TRIBUNNEWS.COM - Sofyan Basir, mantan Direktur Utama PT PLN (Persero), divonis bebas oleh Pengadilan Tindak Pidana Korupsi (Tipikor) terkait kasus dugaan korupsi proyek Pembangkit Listrik Tenaga Uap Mulut Tambang Riau 1, Senin (4/11/2019).
Hal ini menjadi tamparan luar biasa bagi Komisi Pemberantas Korupsi (KPK) karena merupakan rekor tersangka ketiga yang lepas dari pengadilan.
Juru Bicara KPK, Febri Diansyah, mengatakan kejadian ini bukan yang pertama kalinya.
Ia mengungkapkan sebelumnya pernah ada dua vonis bebas di tingkat pertama.
Tingkat pertama tersebut yakni Pengadilan Tipikor pada pengadilan negeri.
Mengutip dari Kompas.com, pertama, eks Wali Kota Bekasi, Mochtar Muhammad, yang divonis bebas Pengadilan Tipikor Bandung pada 11 Oktober 2011.
Saat itu, jaksa menuntut Mochtar 12 tahun penjara.
Jaksa KPK juga menuntut agar Mochtar mengembalikan kerugian negara Rp 639 juta atas dakwaan untuk empat kasus korupsi.
Yakni suap anggota DPRD, penyalahgunaan dana anggaran makan minum, suap untuk piala Adipura, serta suap BPK untuk mendapat predikat wajar tanpa pengecualian (WTP).
Kedua, Suparman, eks Bupati Rokan Hulu, Riau.
Suparman divonis bebas di Pengadilan Tipikor Pekanbaru pada Kamis, 23 Februari 2017.
Ia dinyatakan tidak terbukti bersalah dalam kasus dugaan korupsi pembahasan rancangan APBD Riau tahun 2014-2015.
Febri menjelaskan bahawa akhir dari peristiwa tersebut, Mahkamah Agung menerima pengajuan kasasi dan para terdakwa dijatuhi hukuman.
"Kemudian KPK mengajukan kasasi ke Mahkamah Agung, dan akhirnya Mahkamah Agung mengoreksi vonis bebas itu dan menjatuhkan pidana pada pidana terdakwa Mochtar Muhammad pada saat itu."
"Kemudian ada kasus di Riau juga, Rokan Hulu," jelasnya saat dimintai keterangan, sebagaimana dilansir KompasTV.

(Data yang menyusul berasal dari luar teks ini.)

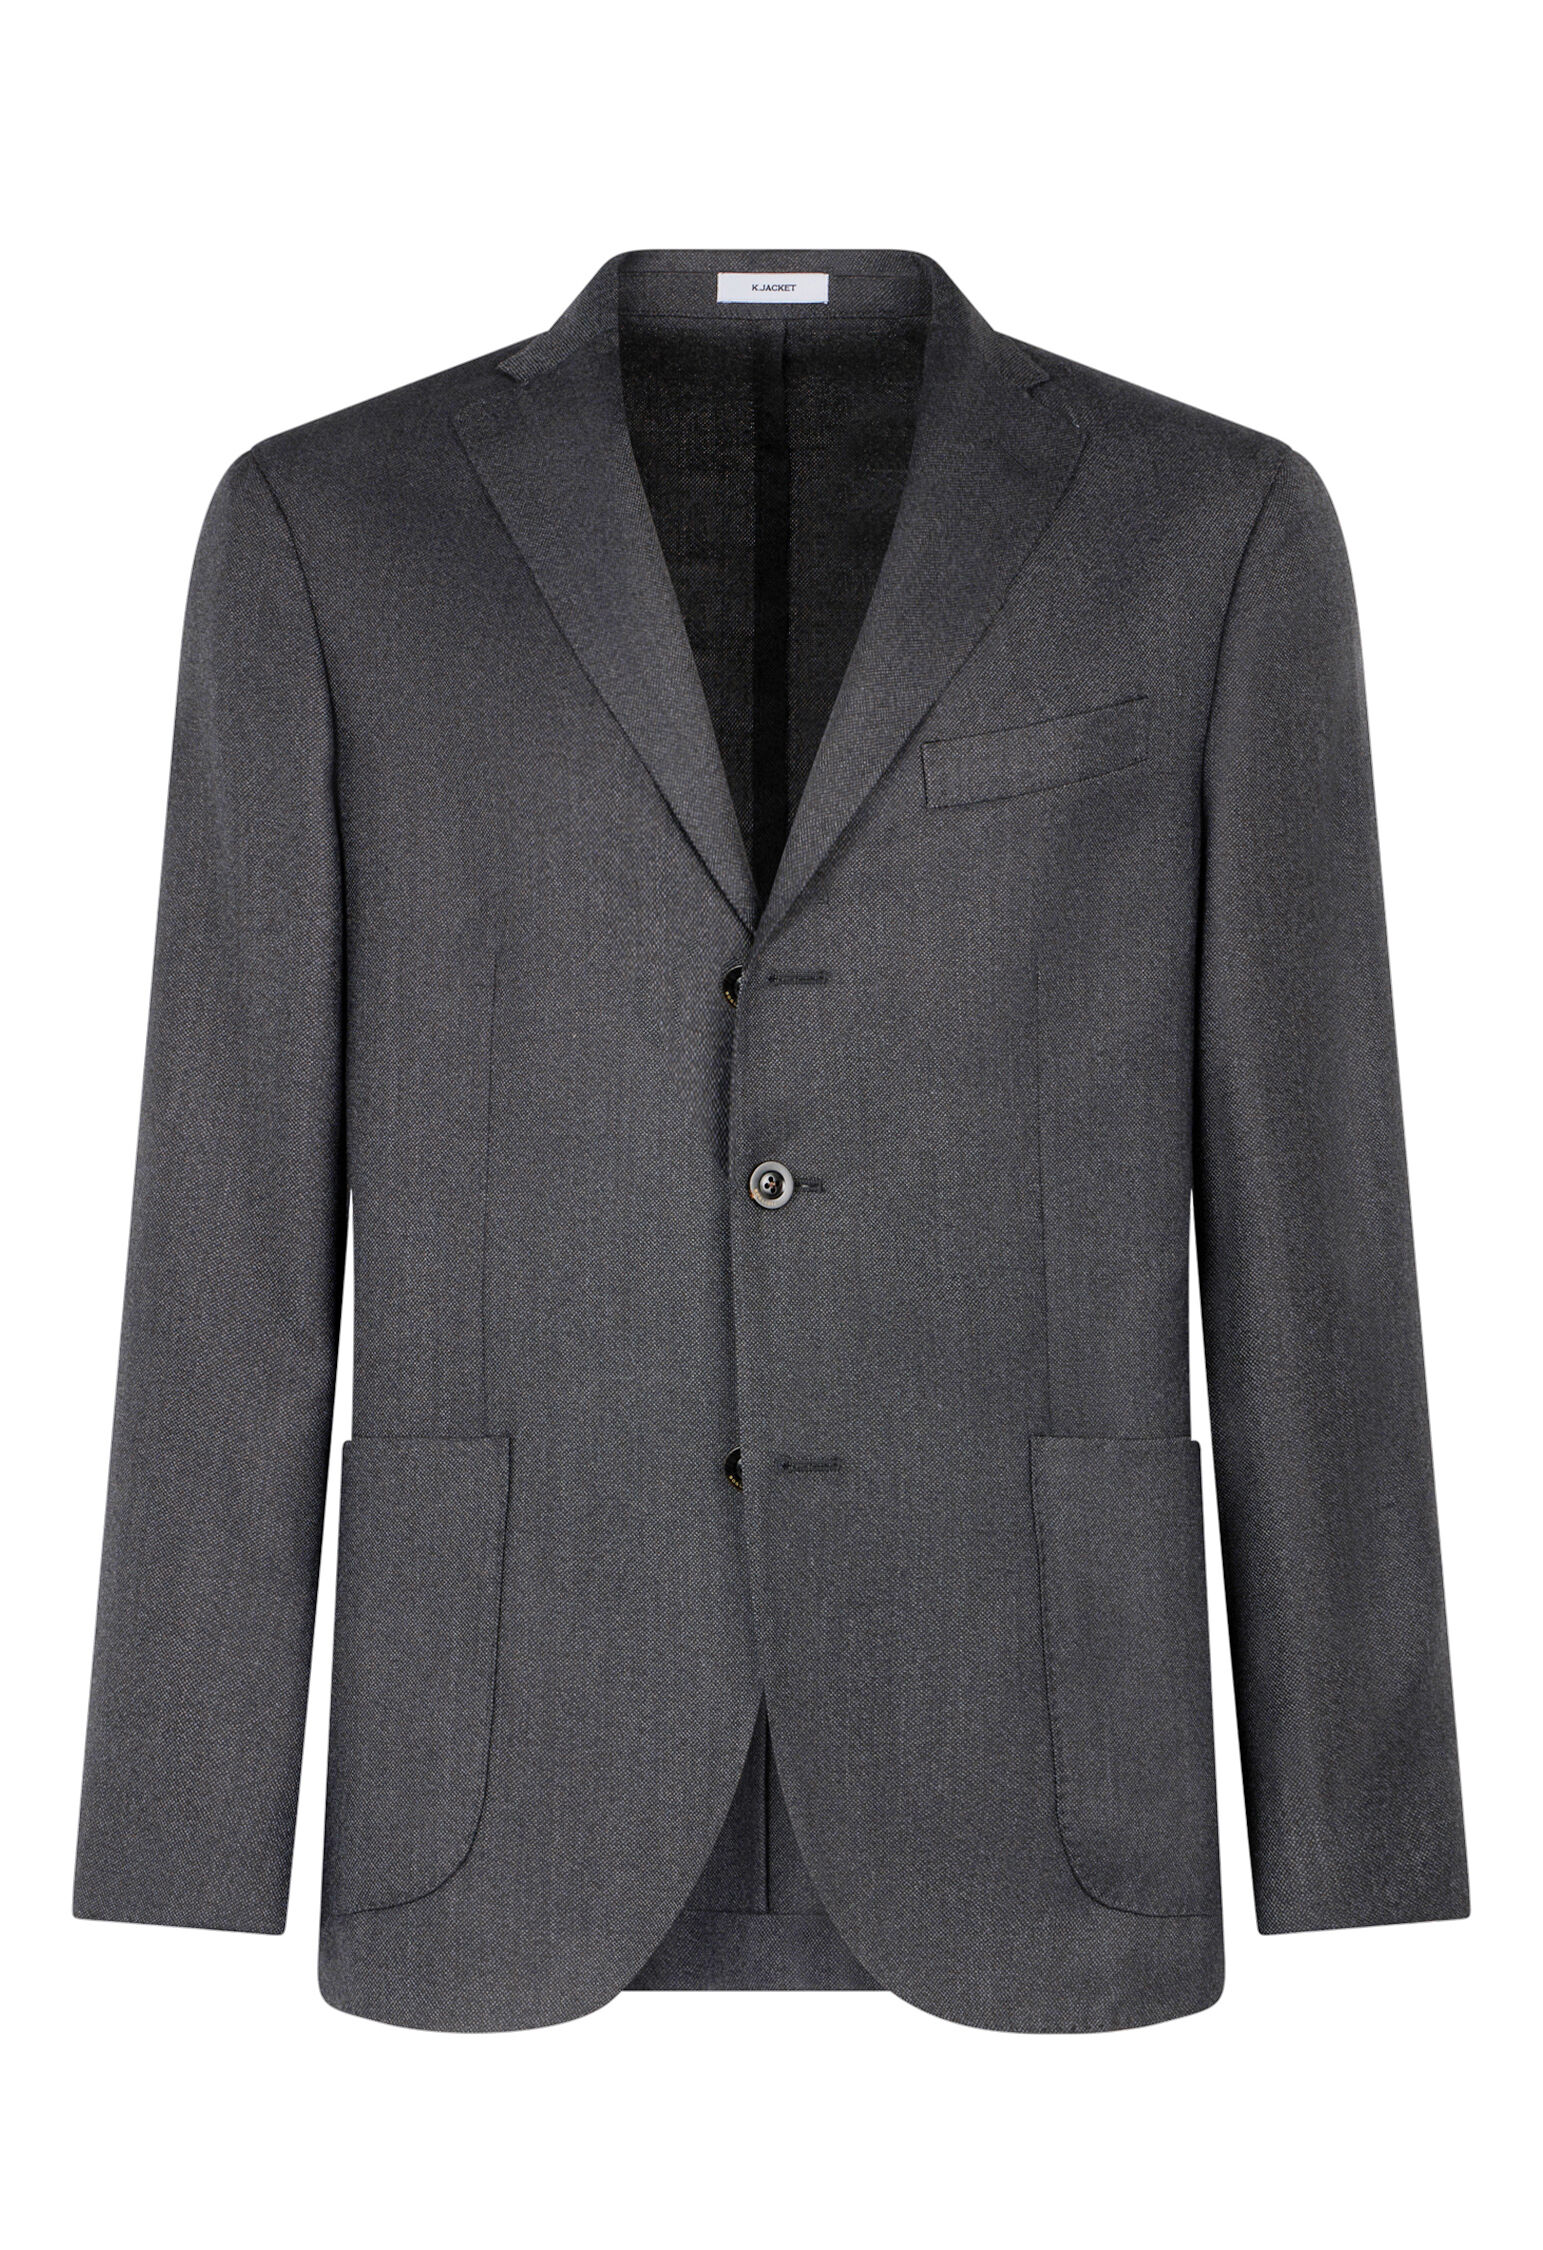 100% virgin wool K-Jacket in Grey: Luxury Italian Jackets | Boglioli®

Febri mengatakan KPK sangat yakin perbuatan terdakwa terbukti.
Sehingga KPK mengajukan kasasi dan ternyata apa yang menjadi argumentasi KPK diterima oleh Mahkamah Agung pada saat itu.

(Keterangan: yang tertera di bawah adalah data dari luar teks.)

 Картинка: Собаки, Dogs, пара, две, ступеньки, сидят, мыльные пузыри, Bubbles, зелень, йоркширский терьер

Pihaknya mengatakan, upaya hukum akan semaksimal mungkin dilakukan.
Ia membela, KPK dalam vonis bebas kali ini bukanlah yang pertama.
Upaya hukum untuk menempuh kasasi ke Mahkamah Agung butuh waktu mempelajari lebih lanjut.

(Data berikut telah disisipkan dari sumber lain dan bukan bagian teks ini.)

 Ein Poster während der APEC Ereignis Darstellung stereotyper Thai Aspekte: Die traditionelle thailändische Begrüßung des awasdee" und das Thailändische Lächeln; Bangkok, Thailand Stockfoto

Pihak KPK juga harus menerima dulu sampai dengan putusan lengkap dari Pengadilan Tipikor, Jakarta, sehingga kemudian argumentasinya bisa mereka susun.
Lalu, apakah KPK merasa bahwa saat ini tingkat keberhasilan menjerat para terdakwa korupsi berkurang dan KPK lemah?
Febri menjawab apabila berbicara soal conviction right atau tingkat keyakinan maka tidak seratus persen lagi.
"Tapi bagi kami, poin yang paling penting sebenarnya bukan angka-angka atau presentase itu."
"Yang lebih penting bagi KPK adalah KPK harus bekerja dengan sangat hati-hati, membawa perkara itu ke persidangan dan mengusut terus tindak pidana korupsi yang dilakukan oleh berbagai pihak," pungkasnya.
Febri juga mengaku untuk mengusut tidaklah mudah.
Alasannya, pelaku korupsi itu memiliki jabatan, jaringan, akses sumberdaya keuangan, dan juga pengetahuan yang cukup untuk melakukannya.
Oleh karenanya, dalam konteks bebas kali ini, maka upaya hukum yang dilakukan KPK adalah kasasi.
Ia juga menerangkan bahwa KPK tidak akan menyerah mengenai kasus Sofyan Basir yang divonis bebas tersebut.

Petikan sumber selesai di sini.